Problem: Please copy the data below exactly; none of the pictures in it belong in the copy.

Input data:
+===+
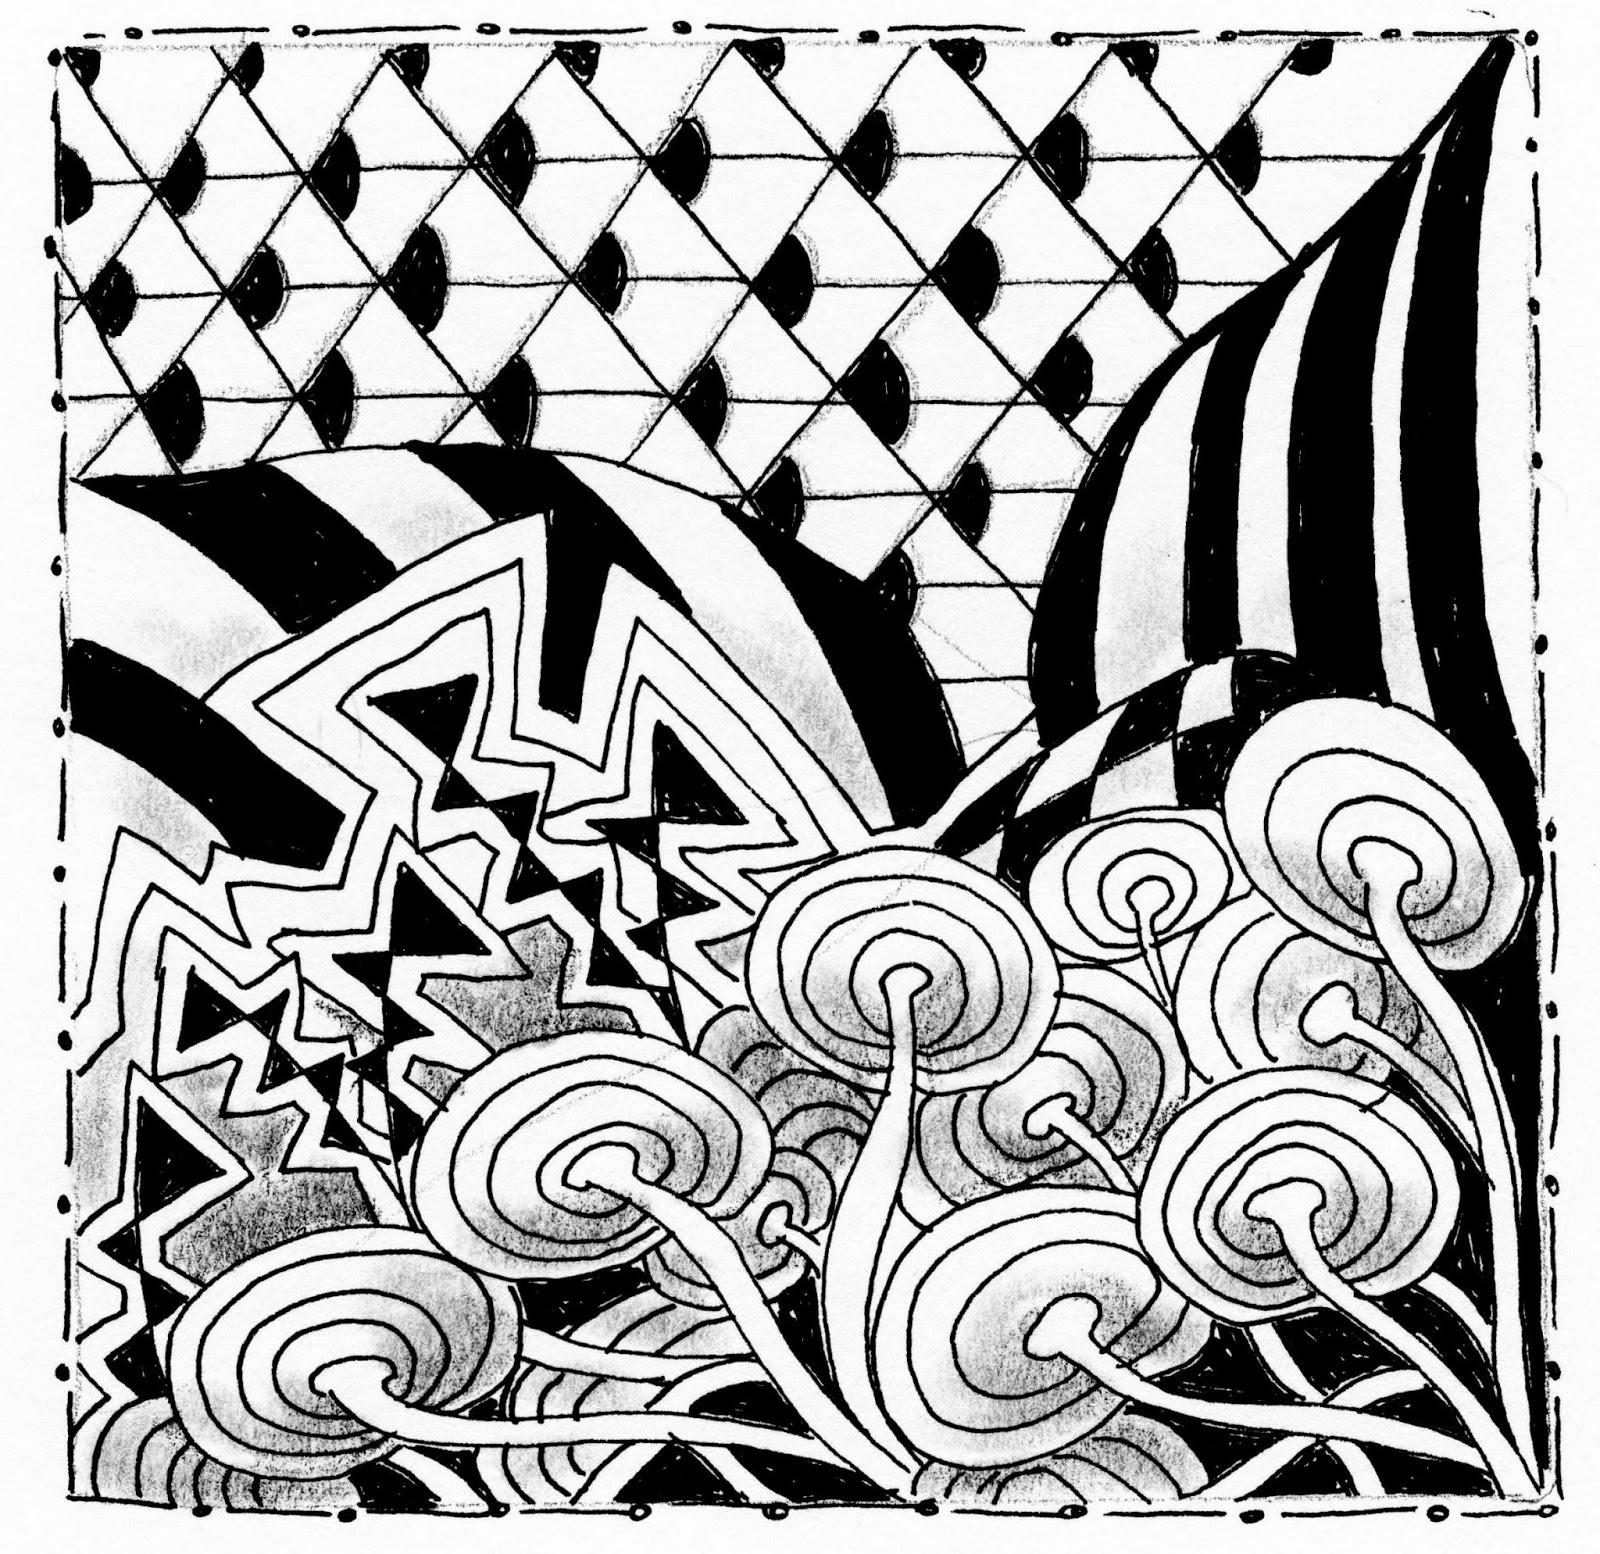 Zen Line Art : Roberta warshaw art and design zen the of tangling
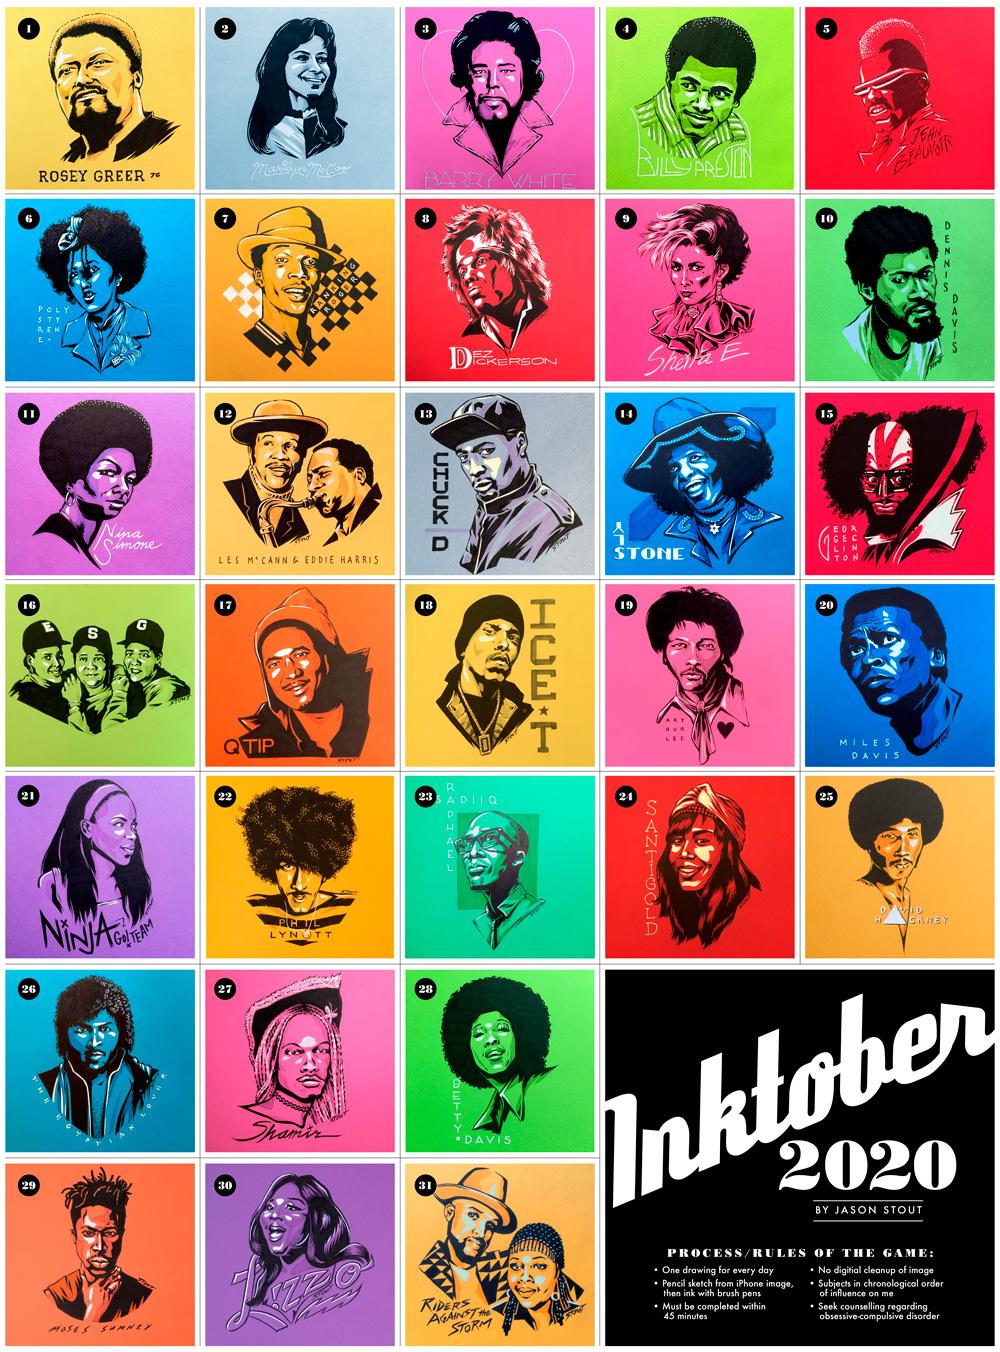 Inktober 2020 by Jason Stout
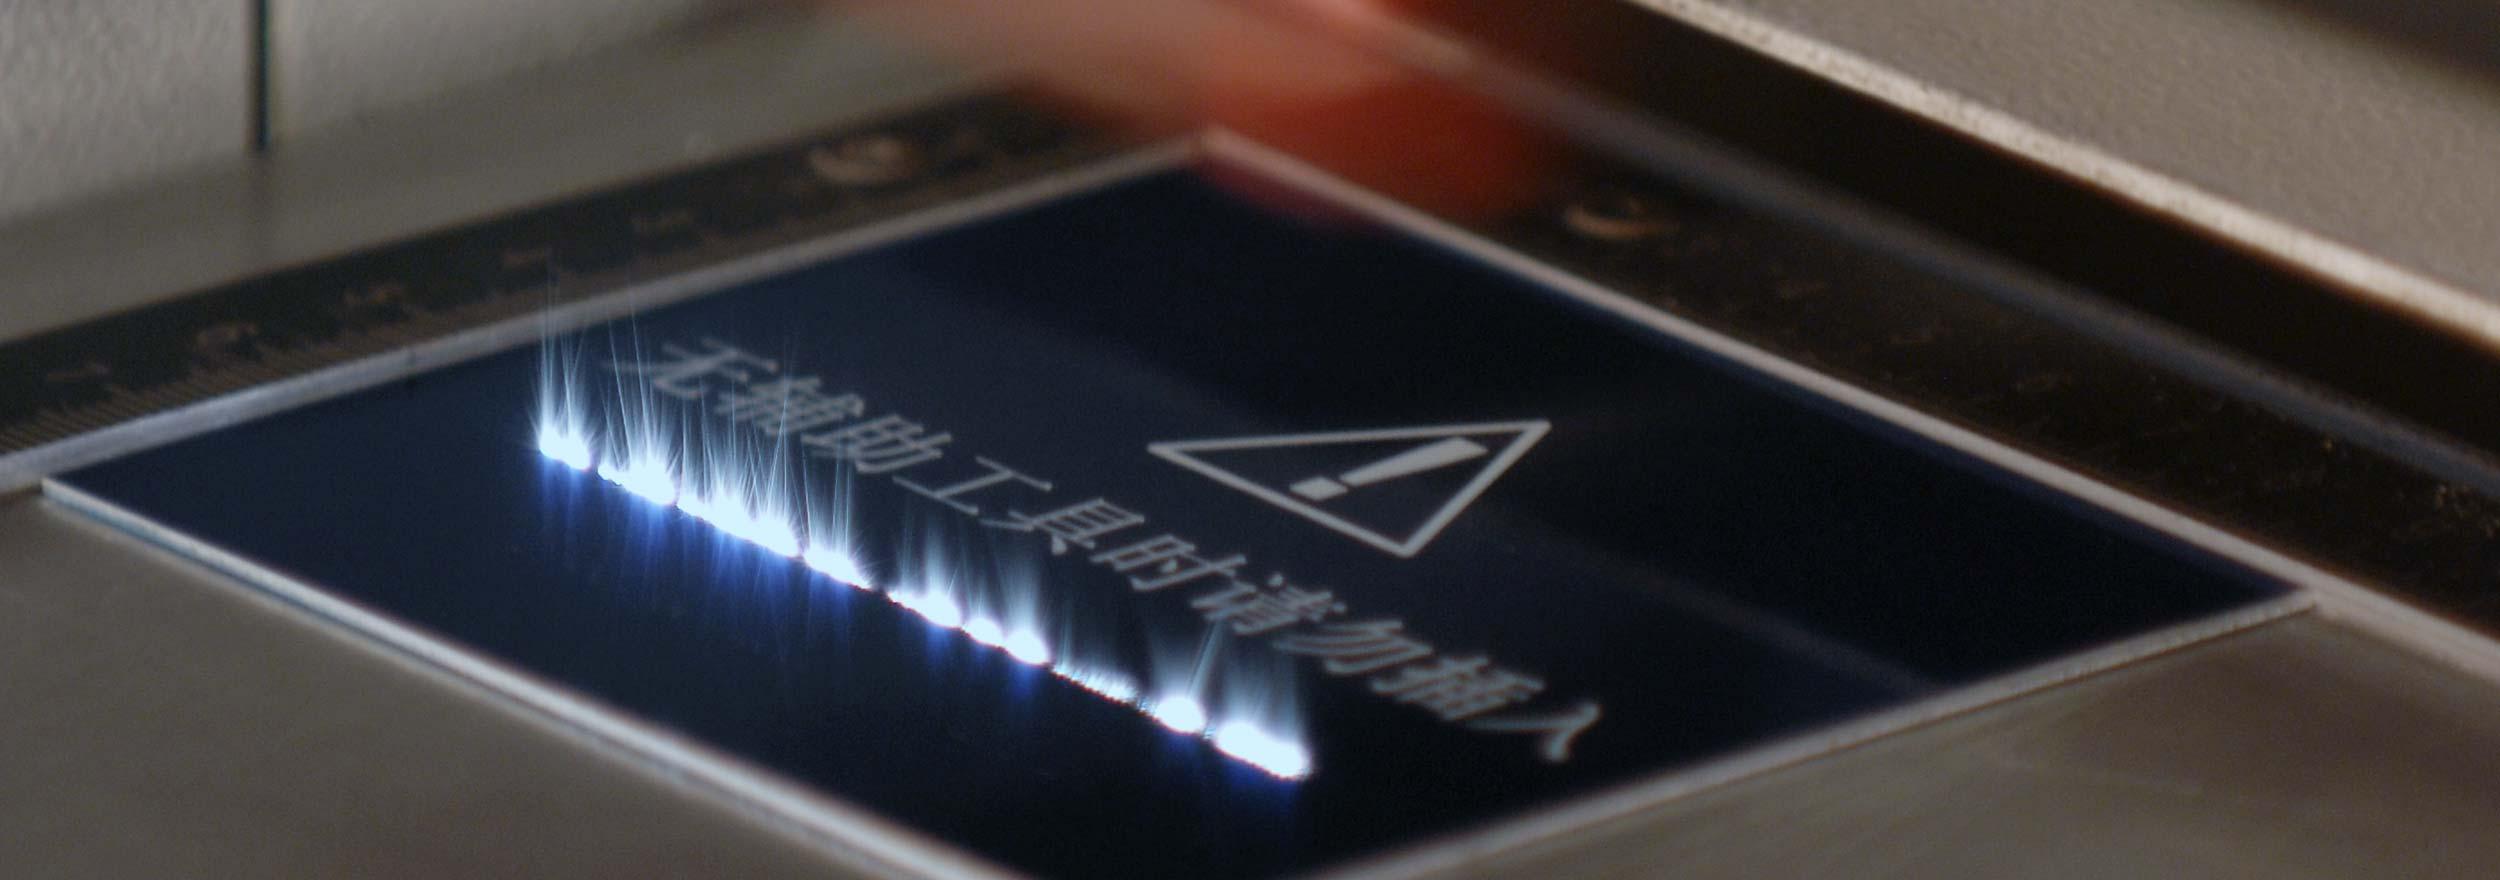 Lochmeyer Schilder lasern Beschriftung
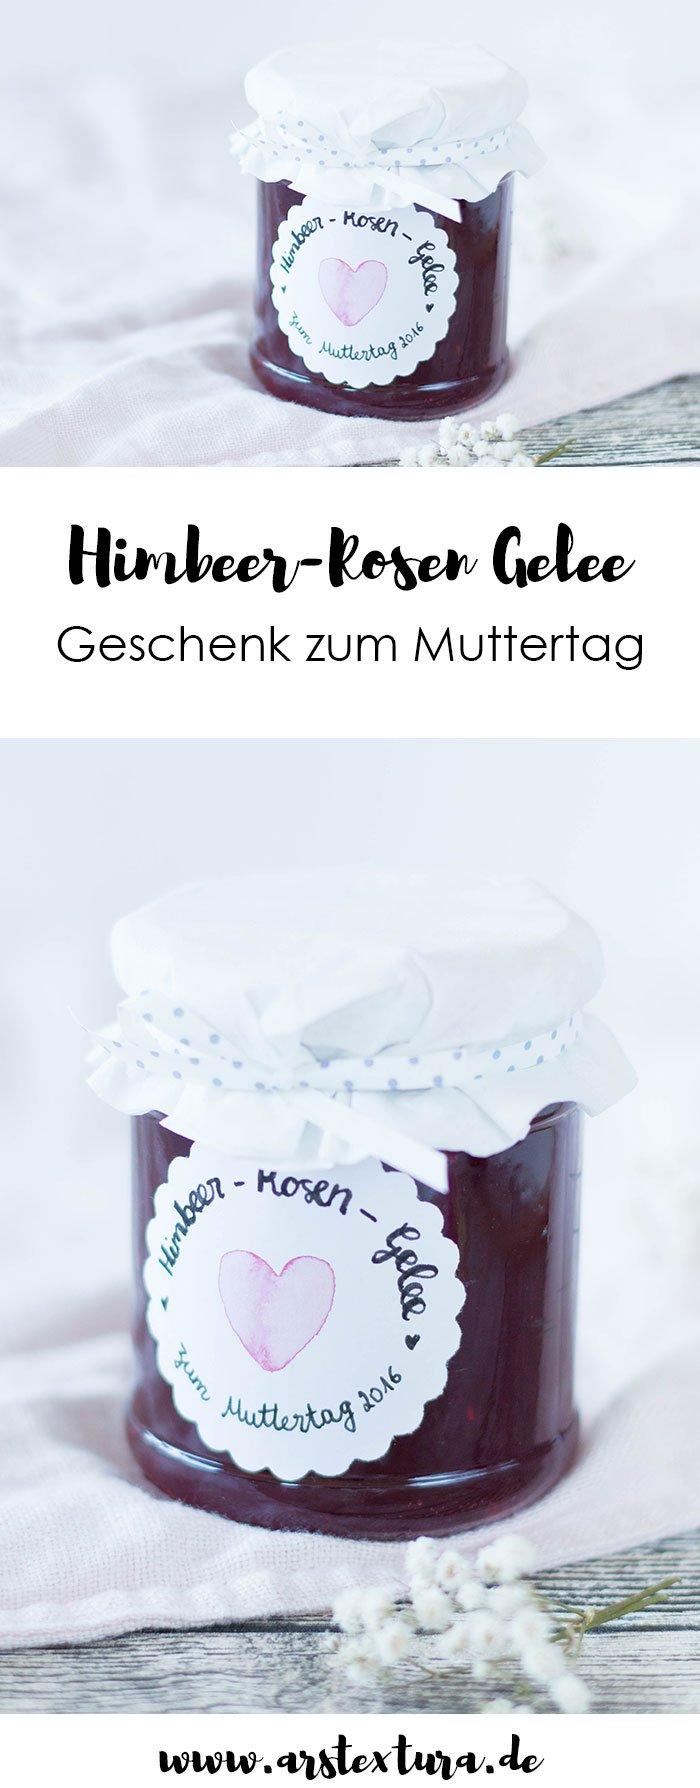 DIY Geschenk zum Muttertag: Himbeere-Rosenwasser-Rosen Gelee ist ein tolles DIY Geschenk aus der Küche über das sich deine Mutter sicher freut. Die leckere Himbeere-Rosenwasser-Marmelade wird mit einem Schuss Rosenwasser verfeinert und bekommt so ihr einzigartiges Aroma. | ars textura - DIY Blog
+===+
Problem solution:
 Zen Line Art : Roberta warshaw art and design zen the of tangling
 Inktober 2020 by Jason Stout
 Lochmeyer Schilder lasern Beschriftung
 DIY Geschenk zum Muttertag: Himbeere-Rosenwasser-Rosen Gelee ist ein tolles DIY Geschenk aus der Küche über das sich deine Mutter sicher freut. Die leckere Himbeere-Rosenwasser-Marmelade wird mit einem Schuss Rosenwasser verfeinert und bekommt so ihr einzigartiges Aroma. | ars textura - DIY Blog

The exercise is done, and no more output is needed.